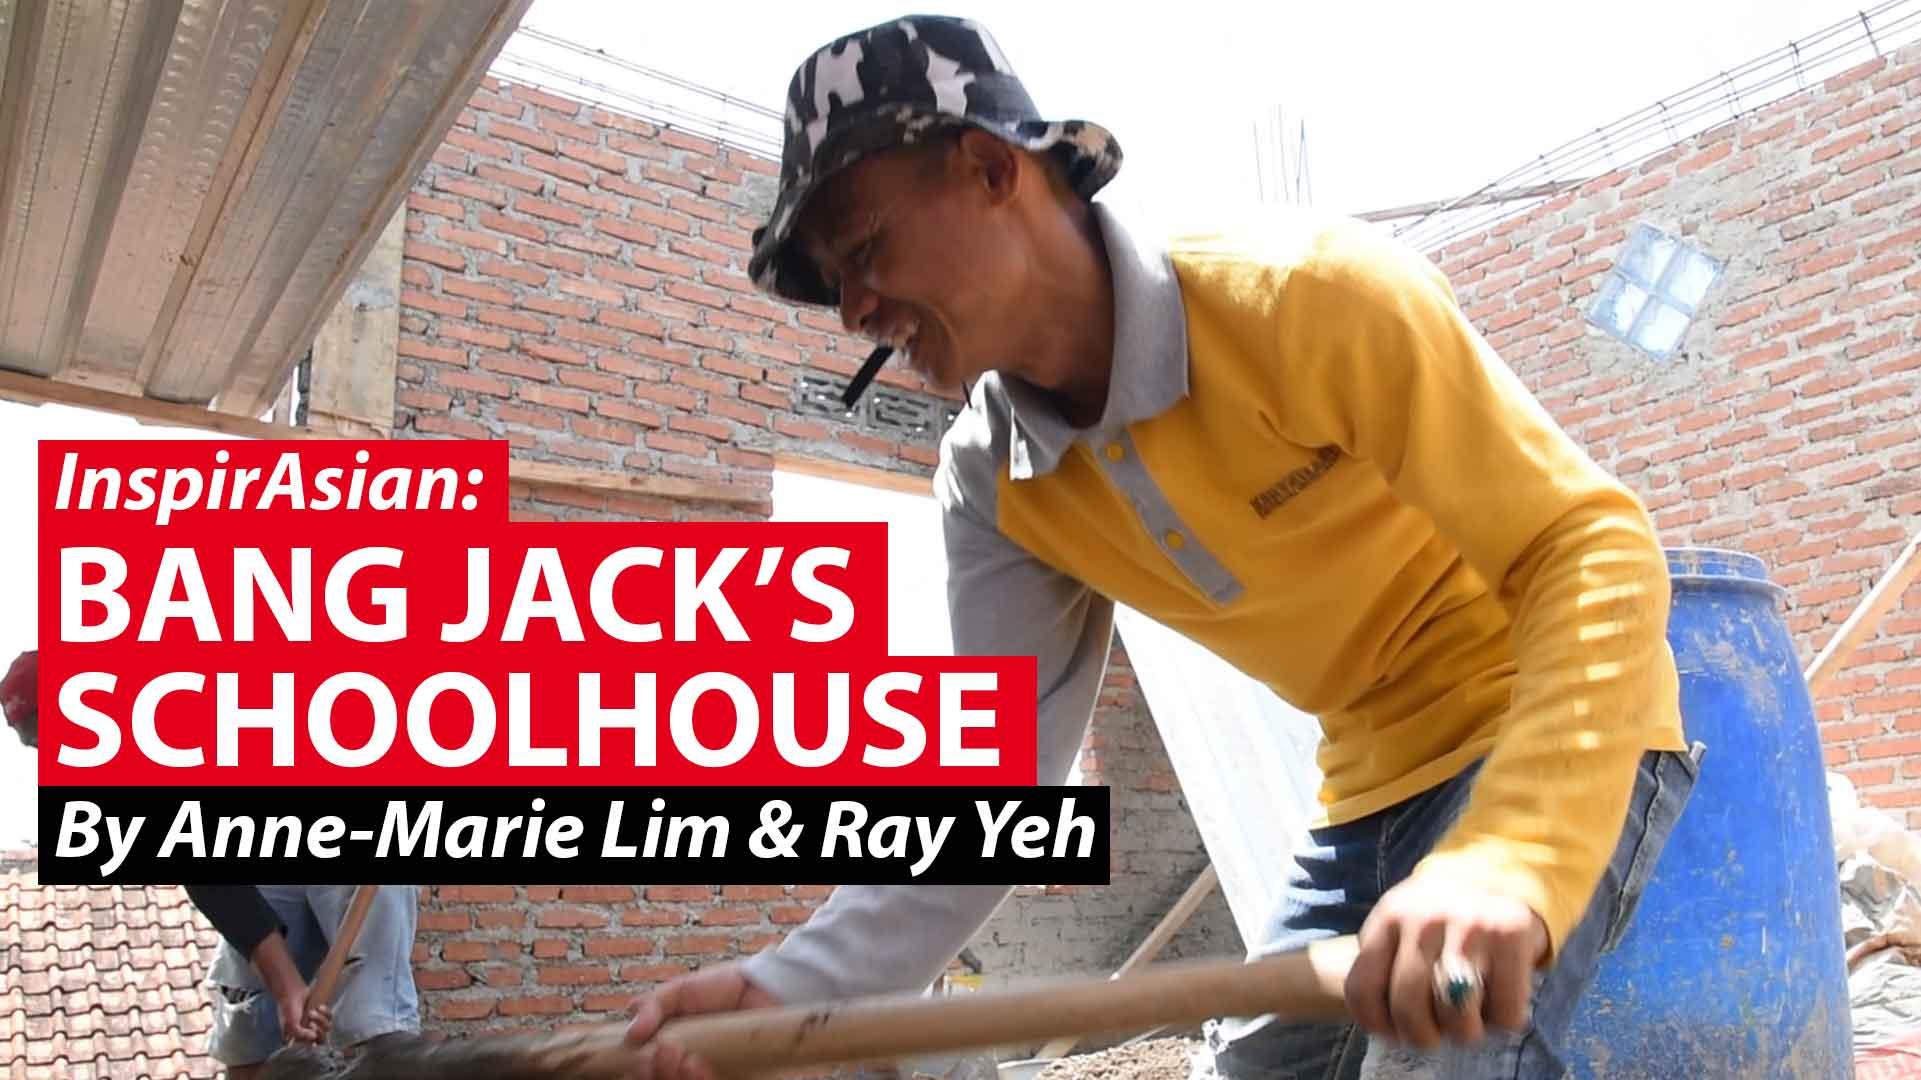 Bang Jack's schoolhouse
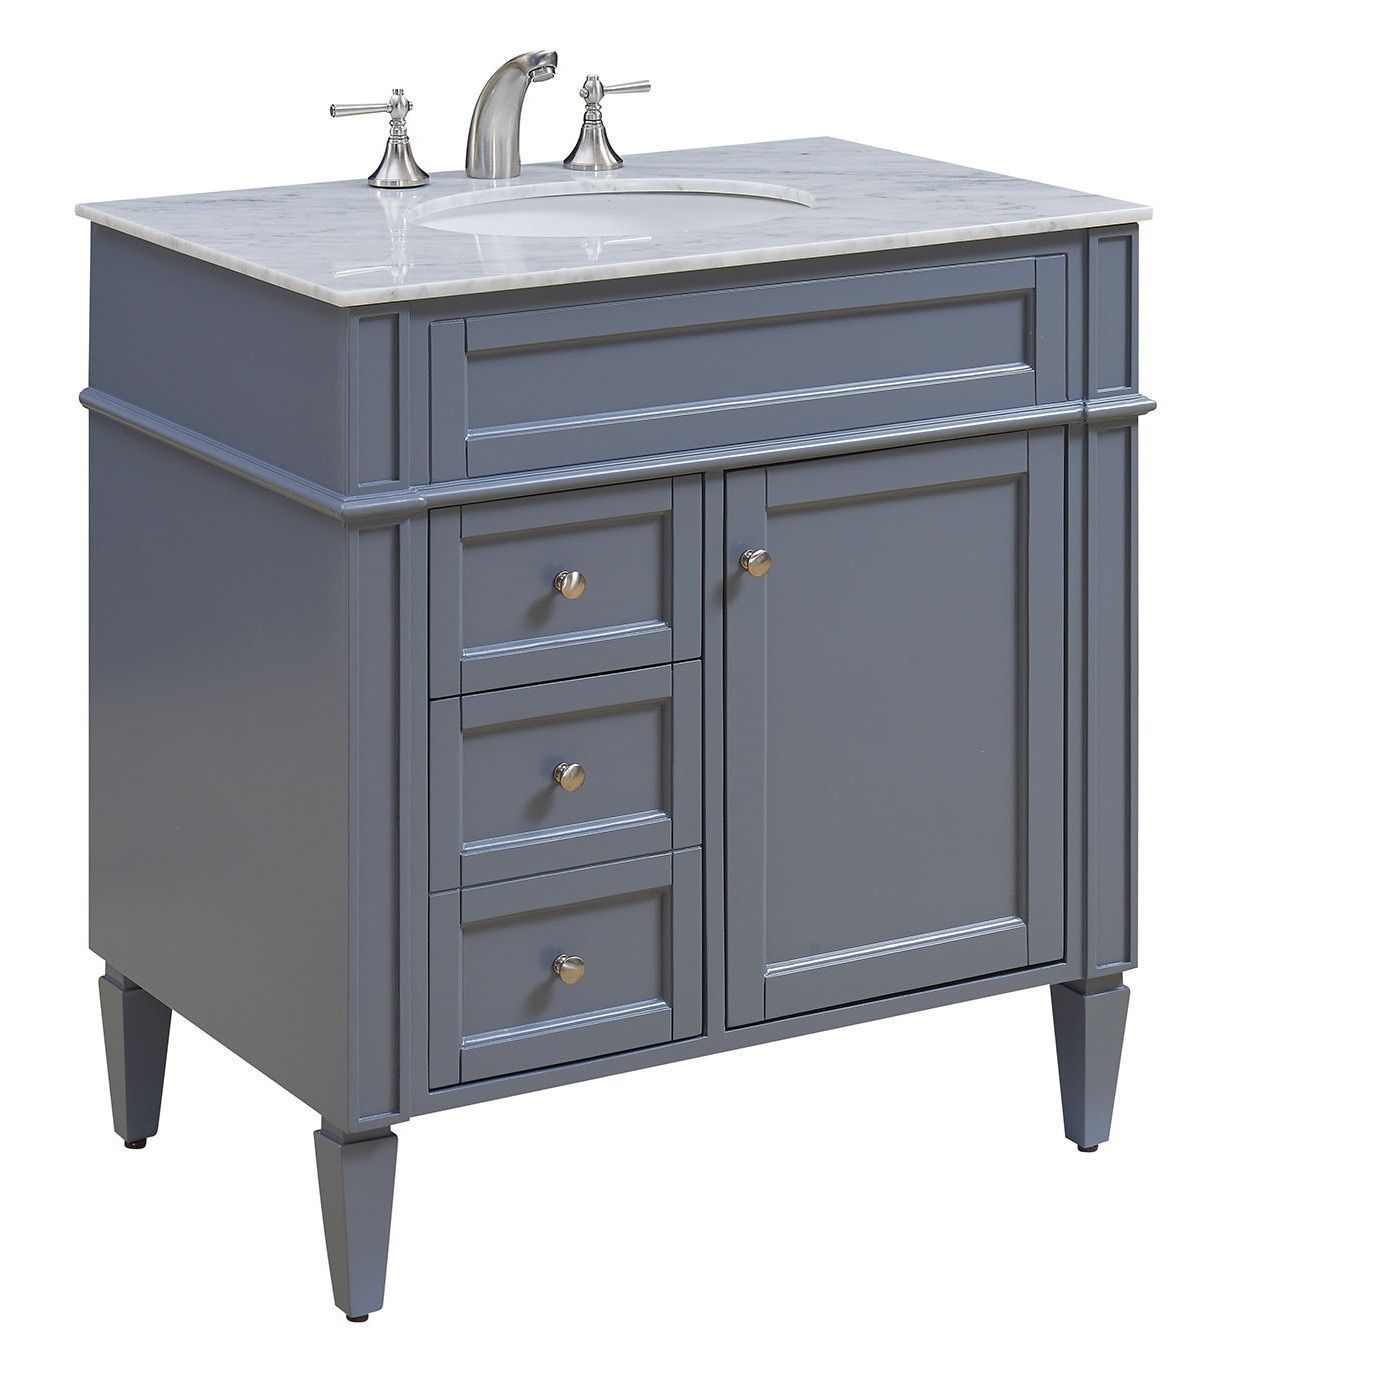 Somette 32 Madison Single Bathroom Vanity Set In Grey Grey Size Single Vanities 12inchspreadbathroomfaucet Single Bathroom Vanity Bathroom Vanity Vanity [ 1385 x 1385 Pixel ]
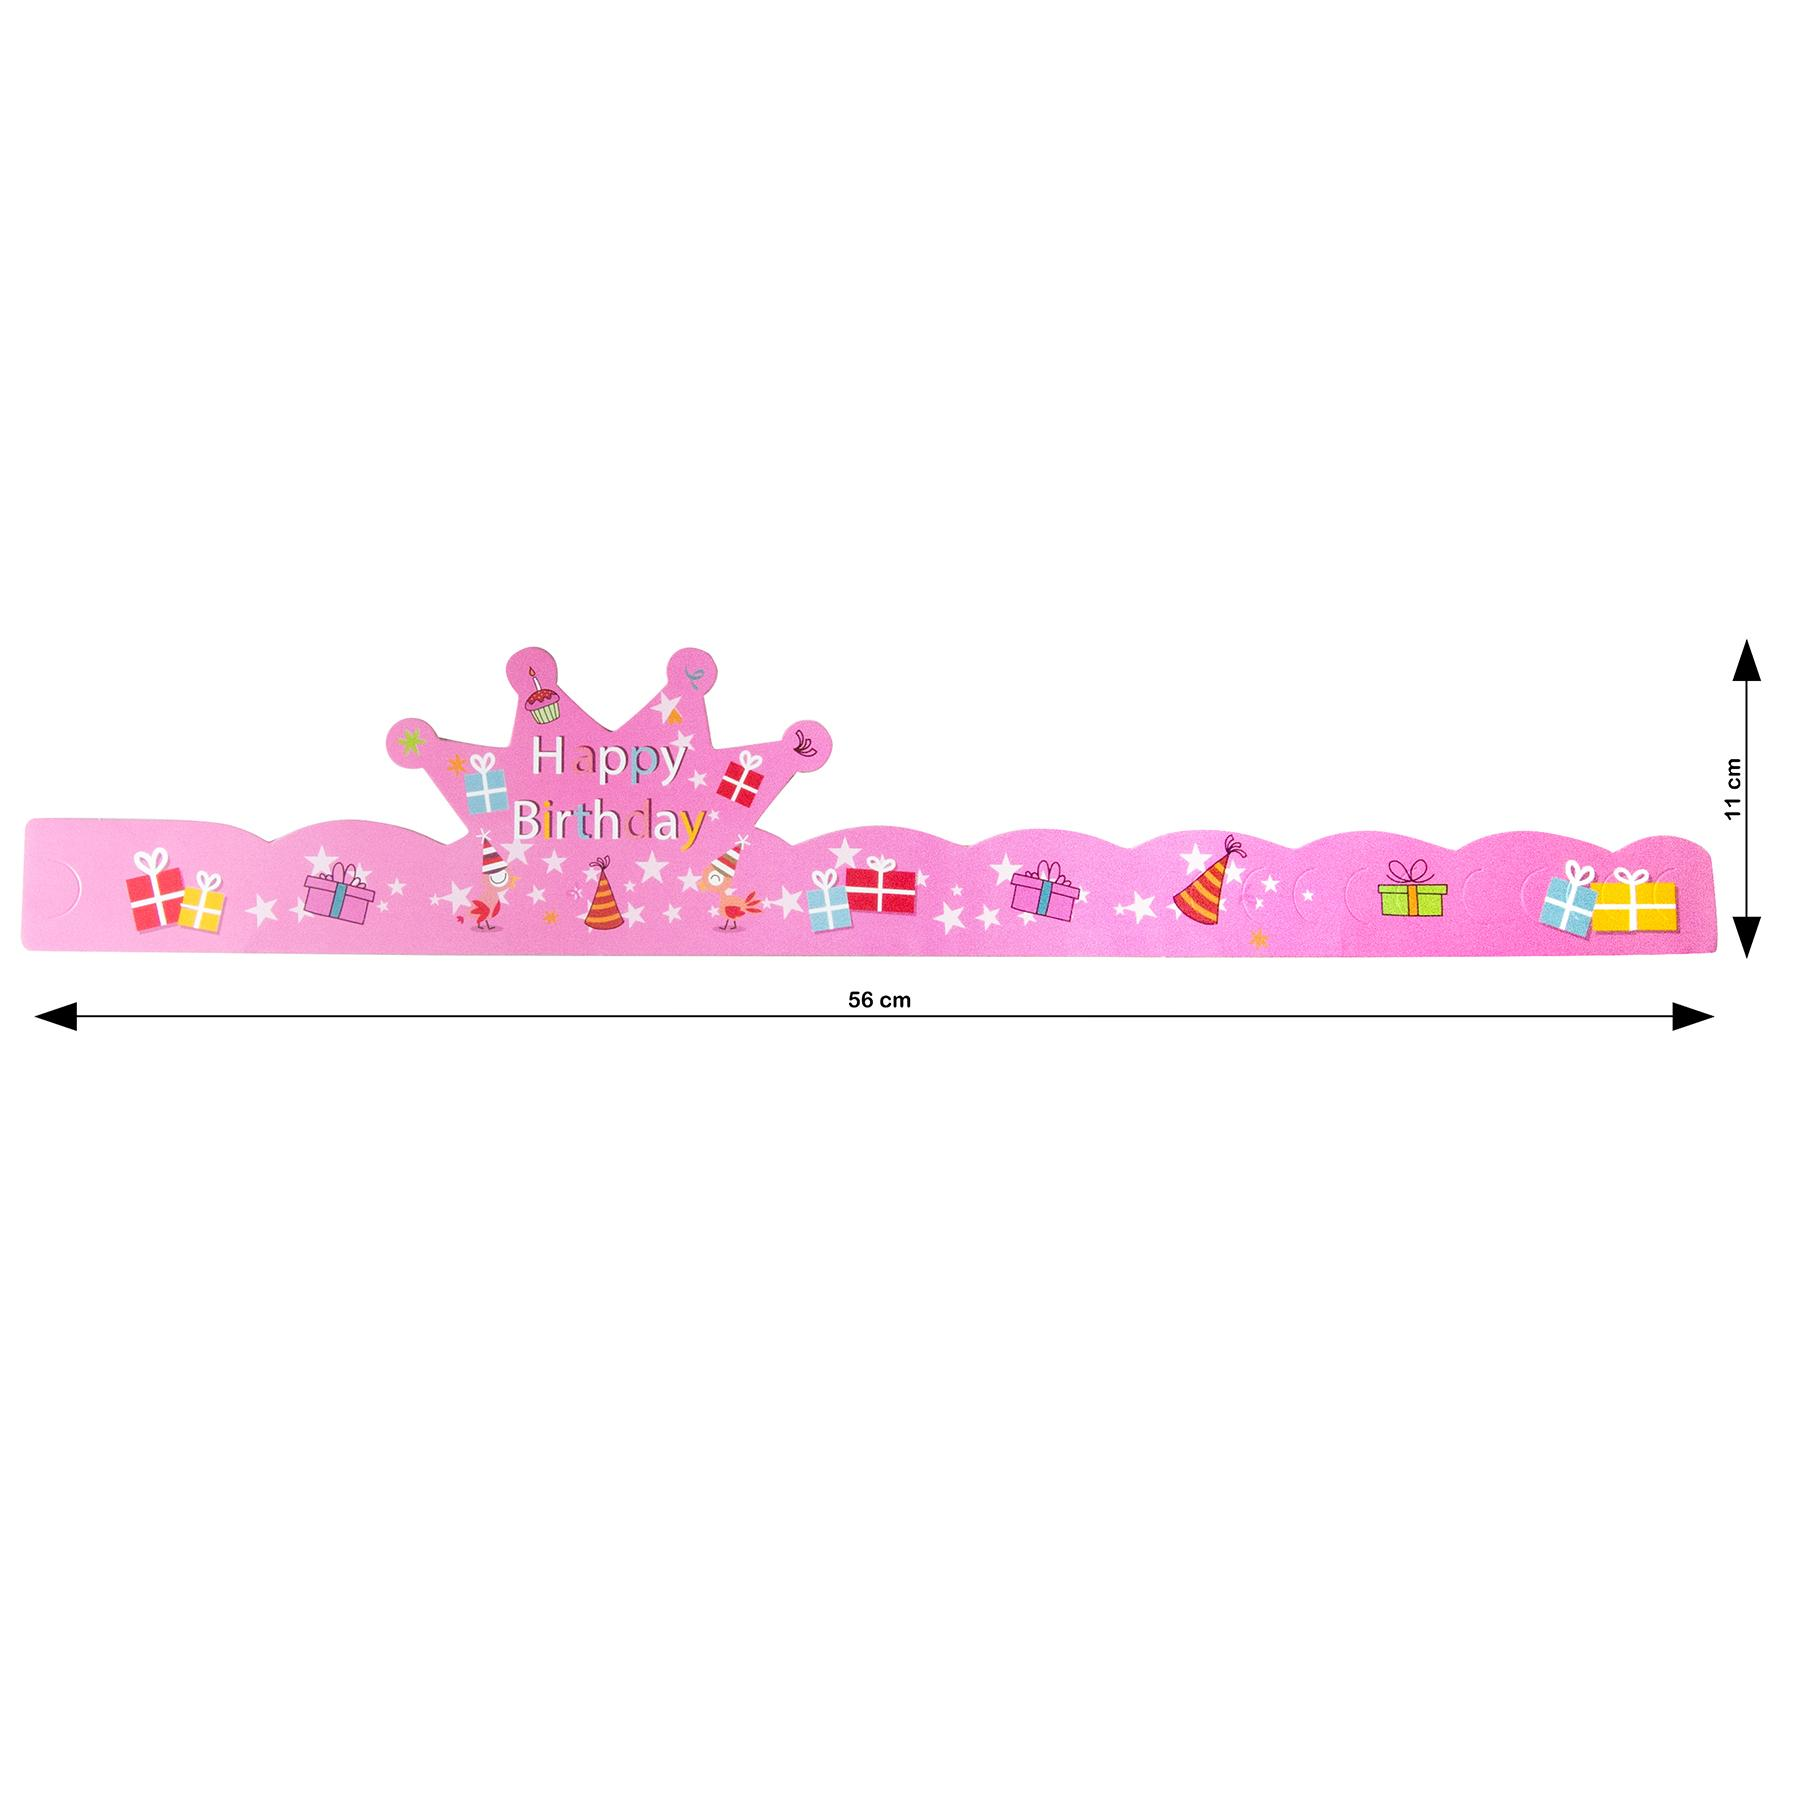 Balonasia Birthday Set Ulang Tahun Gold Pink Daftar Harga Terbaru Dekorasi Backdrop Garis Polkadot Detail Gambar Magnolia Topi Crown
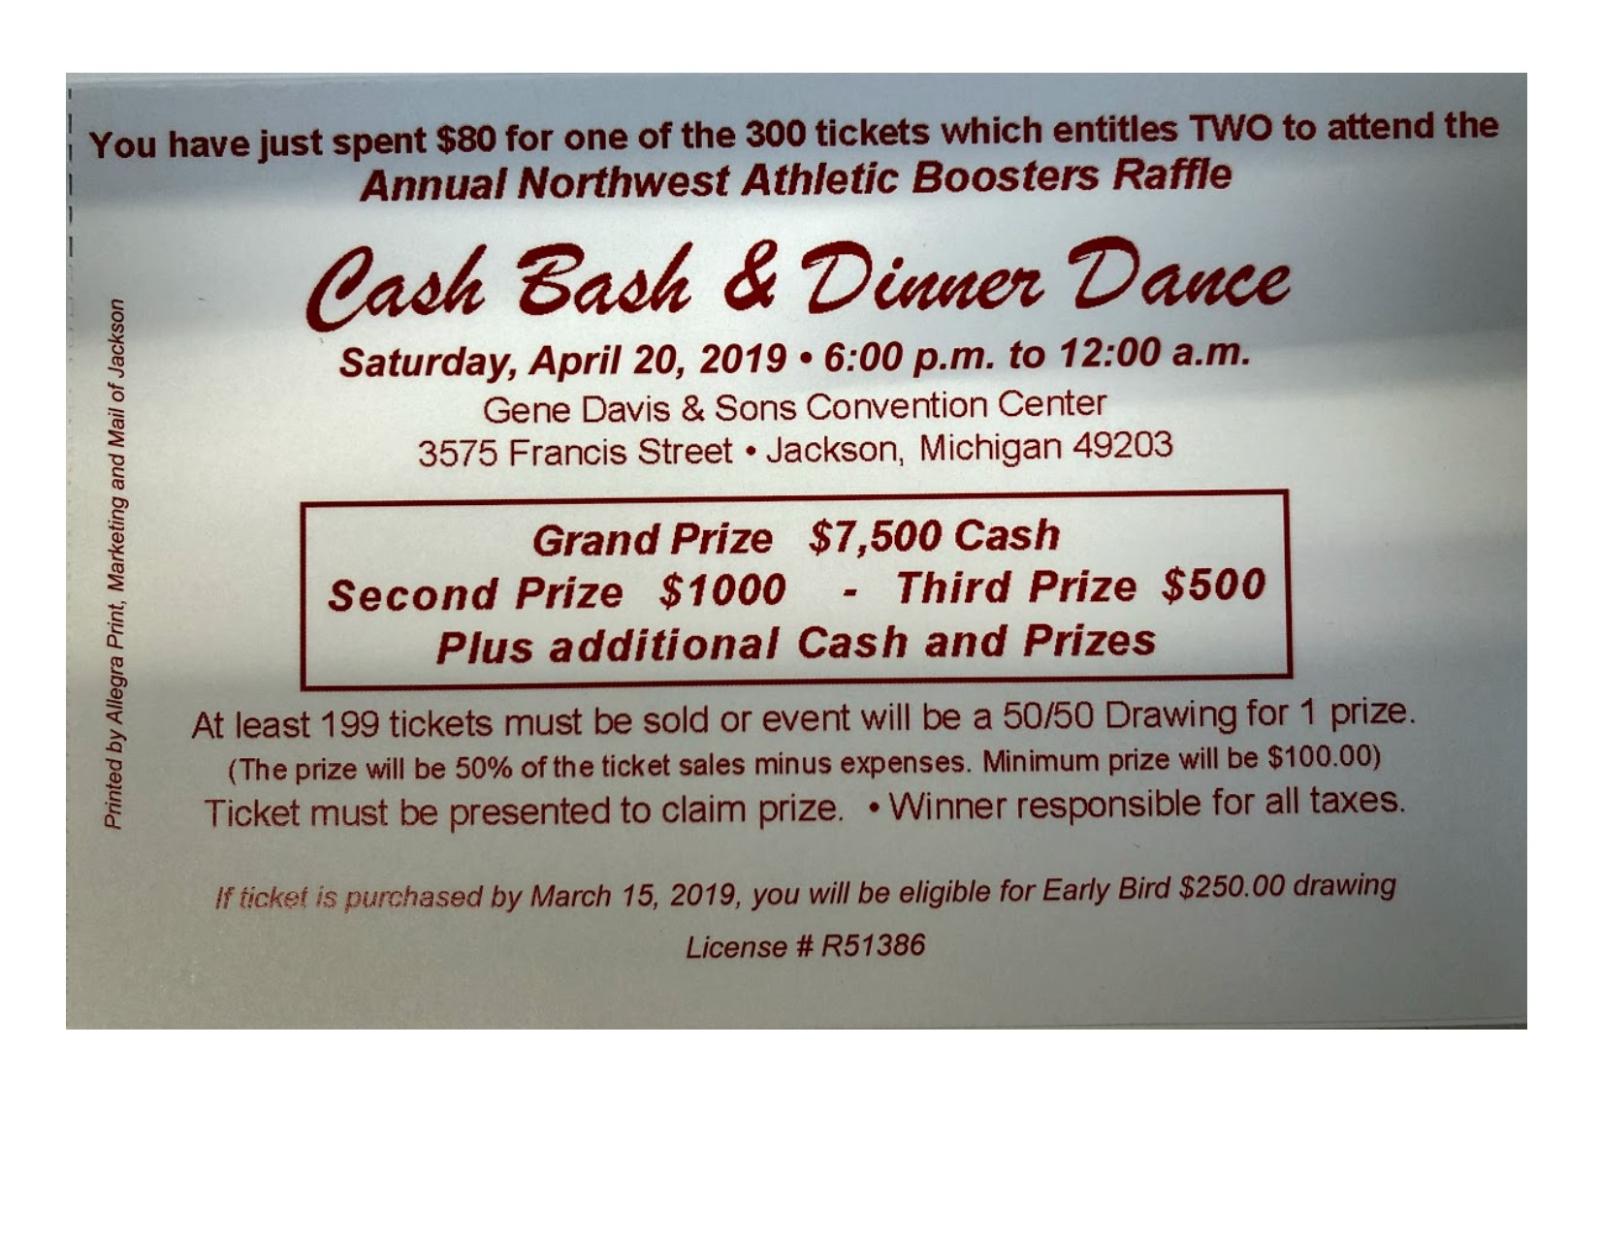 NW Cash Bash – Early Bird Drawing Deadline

REQUIREMENT:
Reproduce, exactly and with no pictures, the lines from the line containing "Balonasia Birthday Set" through the closing line of the data above, keeping both ends.

EXERCISE OUTPUT:
 Balonasia Birthday Set Ulang Tahun Gold Pink Daftar Harga Terbaru Dekorasi Backdrop Garis Polkadot Detail Gambar Magnolia Topi Crown
 NW Cash Bash – Early Bird Drawing Deadline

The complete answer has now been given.